Really good article, I agree on almost all of the reasons for why it would be hard (I don't exactly reach the same conclusion about where we end up, because there are countermeasures, and specific policies we can do which reduce risk from AI in the phase where it's only accessible to large companies and not all, and it's possible to scale up over time to centralized regulation).
I like your last analogy.
If you were deeply convinced there was a >5% chance that in 10 years any computer could with a download become a new unique pandemic virus, I assume you'd be on board with centralizing and limiting access ? (Or is that sacred and there is no amount of believed risk which would warrant control of compute?)
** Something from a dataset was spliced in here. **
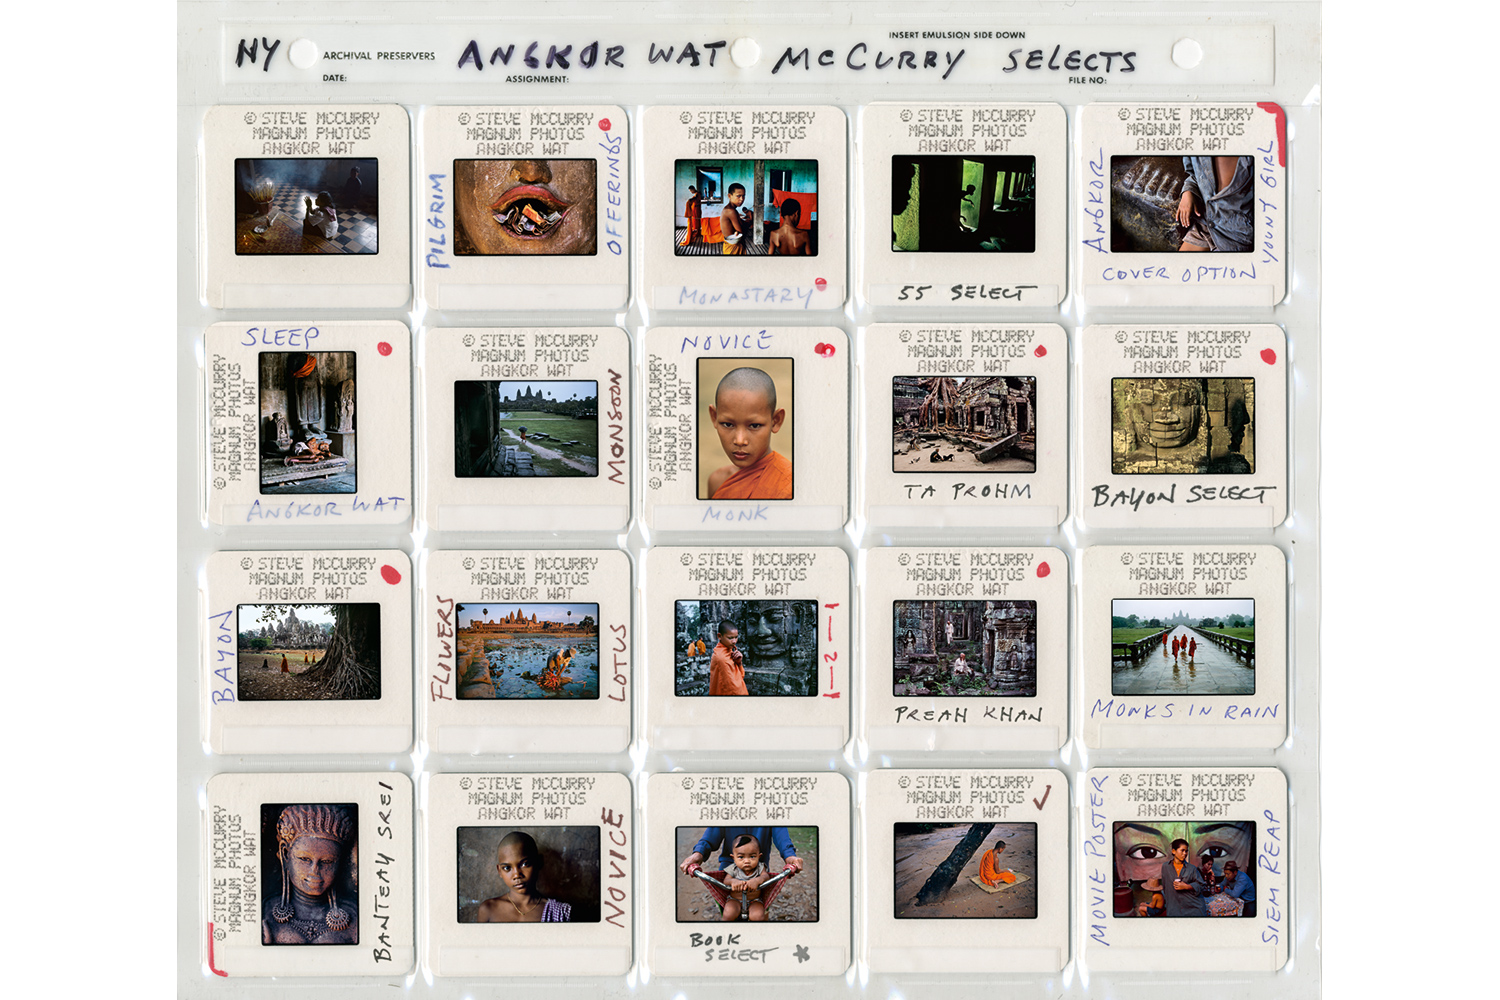 McCurry’s 35mm slides from Angkor, Cambodia

Your world model seems good and your arguments are good so I'd be interested to discuss where you leave the boat for the object level conversation of "In the current trajectory, AI systems will proliferate and become more and more capable, while our capacity for control will lag behind, until a takeover happens and humanity is forever disempowered". You can find a list of specific threat scenarios summaries made by the Deepmind team here if you want some specifics of what could go wrong : https://www.lesswrong.com/posts/wnnkD6P2k2TfHnNmt/threat-model-literature-review
If when reading them you find yourself having compelling counter arguments for why that can't happen and it's still better to accelerate than to try to minimize those risks, I'd love to hear about it!